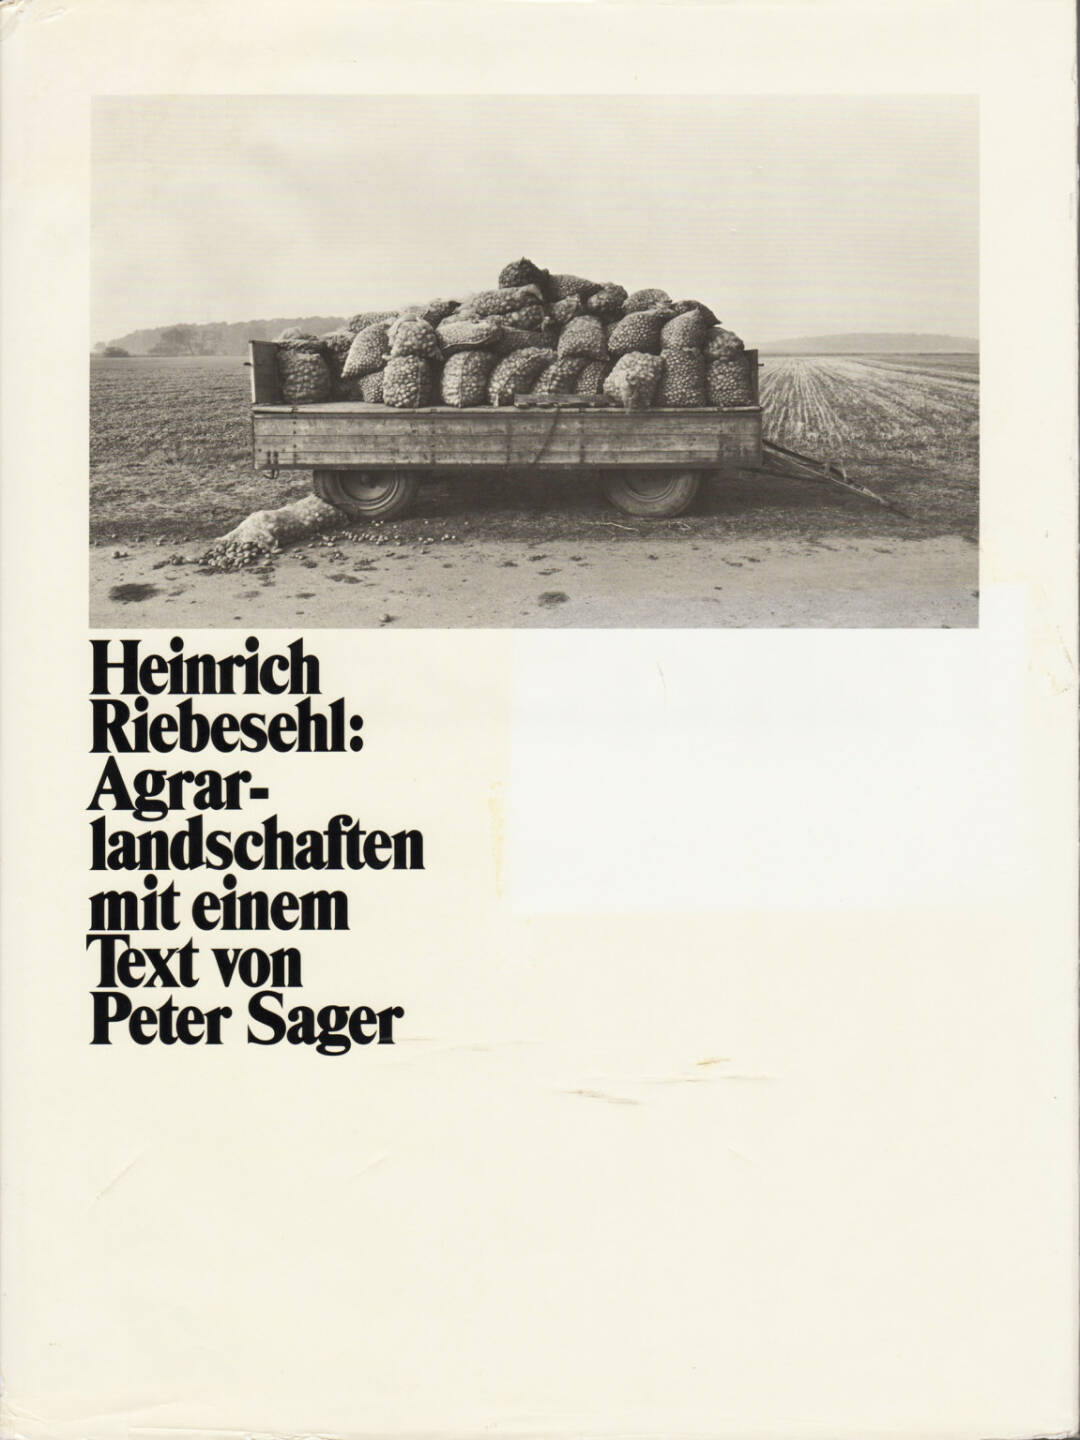 Heinrich Riebesehl - Agrarlandschaften, Schmalfeldt J.H. & Co 1979, Cover - http://josefchladek.com/book/heinrich_riebesehl_-_agrarlandschaften
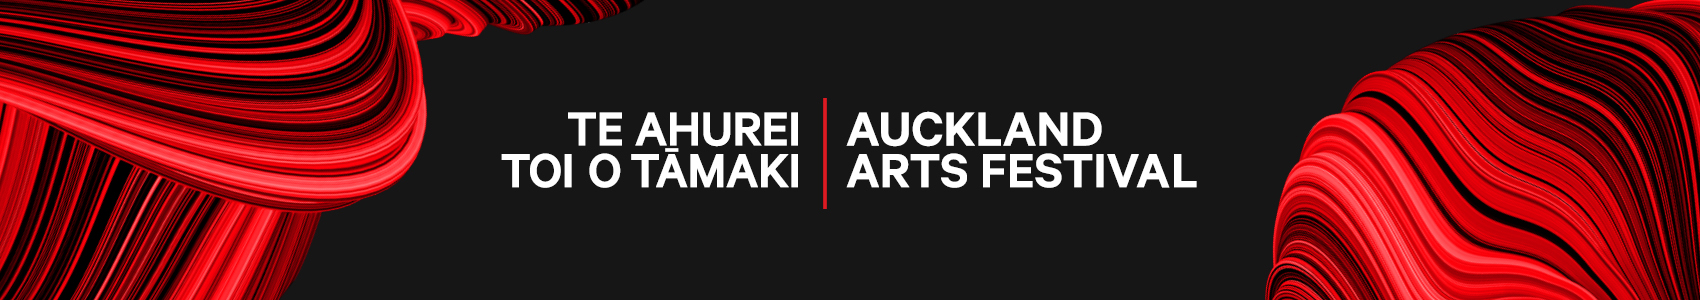 Te Ahurei Toi o Tāmaki / Auckland Arts Festival 
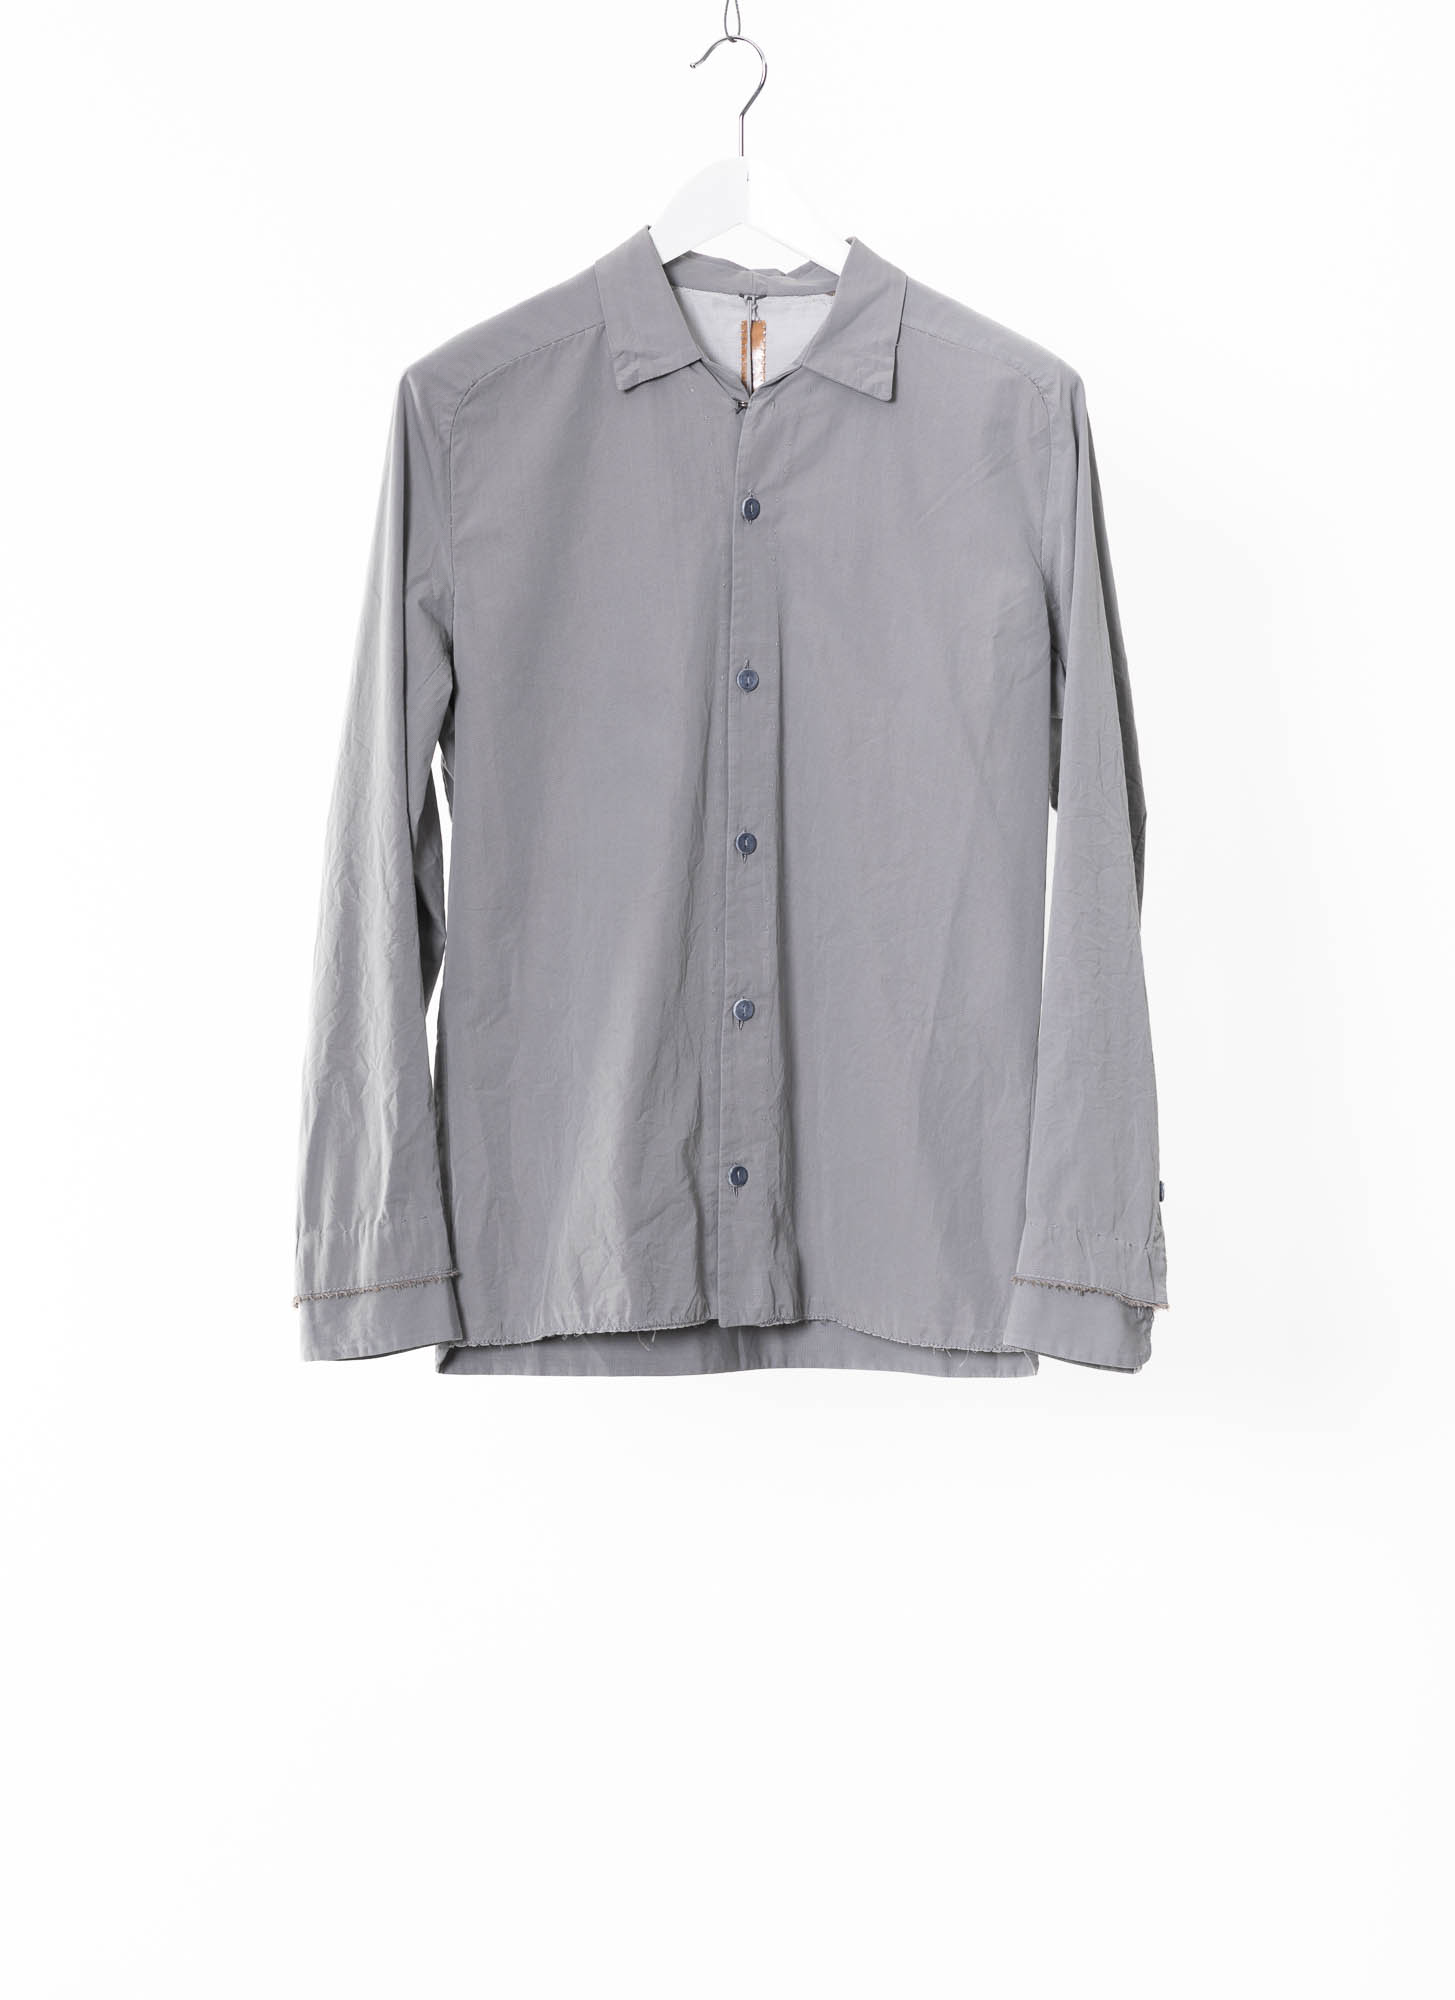 hide-m | LAYER-0 men shirt, light grey, 100% cotton
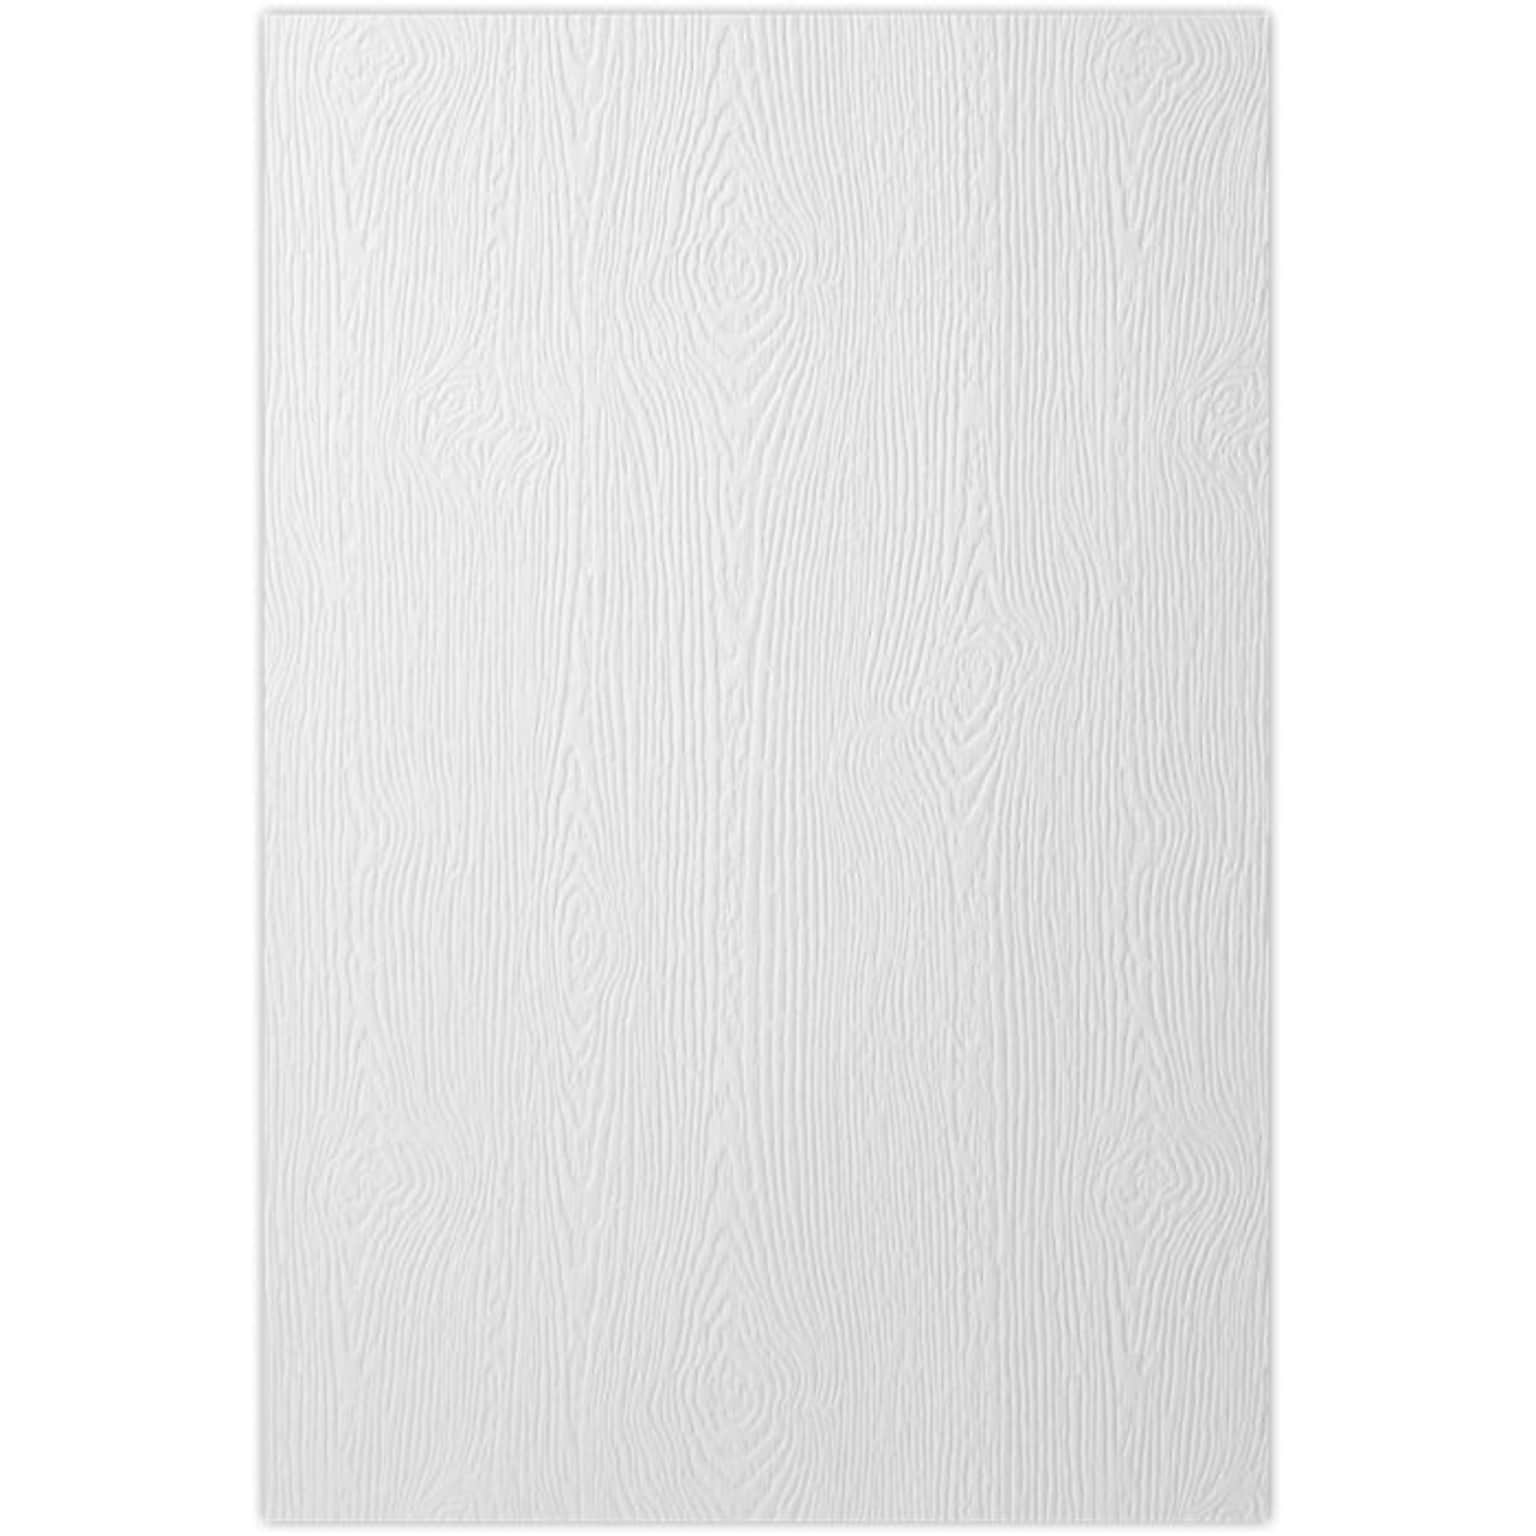 LUX Woodgrain 12 x 18 Specialty Paper, 67 lbs., 50 Brightness, White Birch Woodgrain, 50 Sheets/Ream, /Pack (1218-P-S02-50)

==*==

Task goal
The whole listing should be restated word for word, with no pictures.

Completed exercise
 Heinrich Riebesehl - Agrarlandschaften, Schmalfeldt J.H. & Co 1979, Cover - http://josefchladek.com/book/heinrich_riebesehl_-_agrarlandschaften
 Te Ahurei Toi o Tāmaki / Auckland Arts Festival 
 hide-m | LAYER-0 men shirt, light grey, 100% cotton
 LUX Woodgrain 12 x 18 Specialty Paper, 67 lbs., 50 Brightness, White Birch Woodgrain, 50 Sheets/Ream, /Pack (1218-P-S02-50)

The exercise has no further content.